With the news that Manchester City have returned almost a third of the tickets allocated to their traveling fans for this Sunday’s fixture against Arsenal at the Emirates, questions must surely be raised about the origin of the problem.
£62 is the price that 2,300 City supporters have paid to attend the game this weekend, whilst 900 tickets were returned after City’s Supporter Group described the ‘ridiculous amount of money’ as reason enough to boycott the match.
Recently Arsenal’s home fixture against Chelsea this season back in September became the most expensive Premier League game in history with £62 the minimum for both home and away supporters’ tickets.

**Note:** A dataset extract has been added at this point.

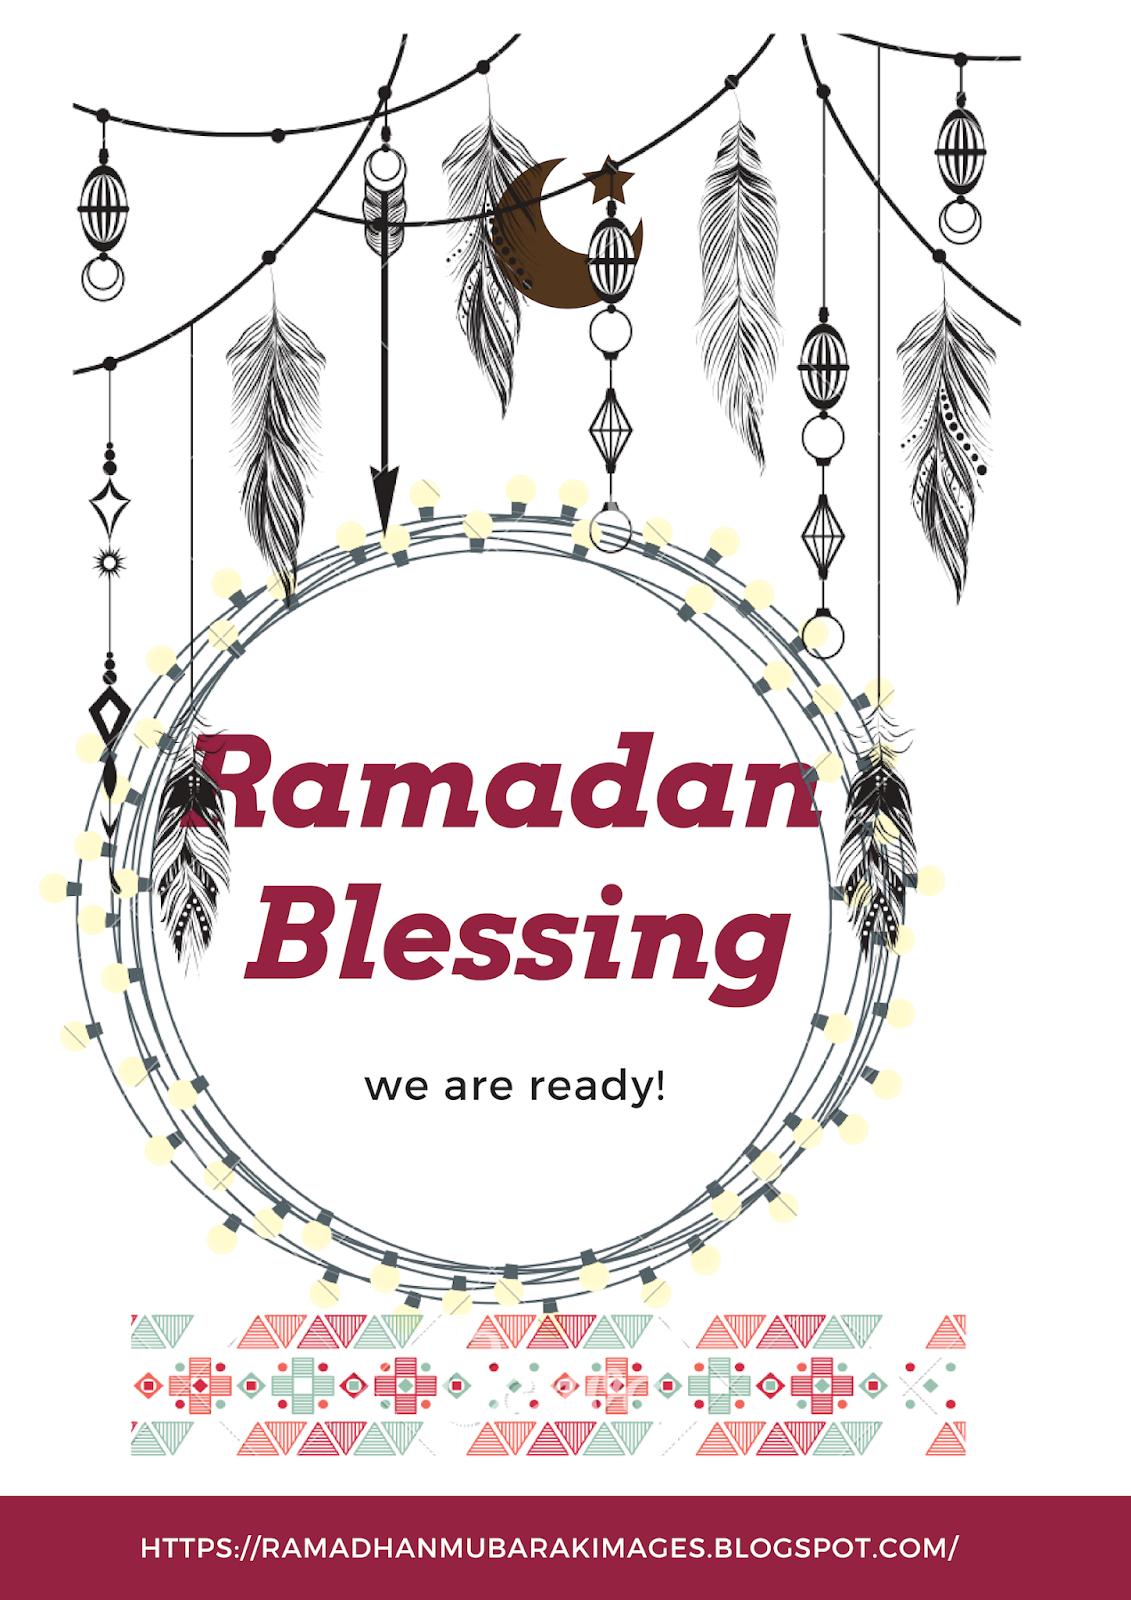 Ramadhan Mubarak Images: Mah-e- Ramadan 2019 | wishes | blessing

However, which came first – the chicken or the egg? The debate over money in football – money spent on transfers, money spent on wages, money spent on stadiums, money spent on television rights and advertising and airfares and agents and merchandise and tickets – can all be boiled down, right down, into capitalism.
Manchester City fans may have baulked at the price of a ticket at the Emirates but they probably didn’t complain when owner Sheikh Mansour spent the best part of £500 million on player transfers alone in the 5 years since his arrival at the Etihad.
That kind of investment is not pure speculation – no doubt he intends to profit from his ownership of a Premier League football club and, why not, he is a businessman after all?
Stan Kroenke is also a business man at Arsenal, where the legacy of a new stadium is currently tainted by a formerly top football club being brought to its knees by players who want to earn upwards of £200,000 a week in wages like their mates up in Manchester or over the road down at Stamford Bridge.
In 2007, when Mansour took over at City, Arsenal’s wage expenditure was £89.7 million. In 2012 it was £143.4 million and Arsenal are still having squabbles with players and their representatives as I write over wages that are half that of City’s top stars – Theo Walcott wants £100,000 a week to stay, where Samir Nasri now at City earns nearly double that.
Those are the same players who are also starting to recognize that money can buy you trophies and, thus, those clubs that don’t have as much money tend not to win as many.
It may be just co-incidence but in the 7 years since the Gunners last won a trophy, they have tended to make a profit in the transfer market, whether by accident or by design is unclear. Those years also correspond to the opening of their new stadium.
Nonetheless, they have to find some way of matching or, nowadays, mending and making do with what they have and what they can generate themselves – through outgoing transfers, strict wage structures, new sponsorship deals and…expensive match tickets.
Arsenal chief executive Ivan Gazidis recently conceded that Arsenal simply ‘cannot compete’ with the likes of Chelsea and Manchester City in the transfer market. It’s become an impossibility, as has genuinely competing for the Premier League title.
Does it make Arsenal fans happy? I highly doubt it. They are the ones paying to watch Arsenal’s gradual elimination from the top four, they are the ones paying for shirts with the names of players who will be gone next summer on their back, they are the ones opening the papers every day this month hoping the manager has bought someone they’ve vaguely heard of.
Stan Kroenke is happy whether Arsenal win or lose – as long as there are bums on seats and shirts on fans’ backs, he’s a happy businessman. But should Arsenal find themselves out of the top four come May and lose out on that lucrative Champion’s League spot, they might find fewer fans are willing to spend that ‘ridiculous amount of money’ and the club will be in far deeper a financial fiasco than they are now.
But that won’t much concern the fans of Manchester City who, quite rightly, believe £62 to be ‘ridiculous’, yet you’d be hard to find one who’d bat an eyelid £500 million. The two sums are inextricably linked – whether it was the chicken or the egg that came first, the farmers are laughing all the way to the bank.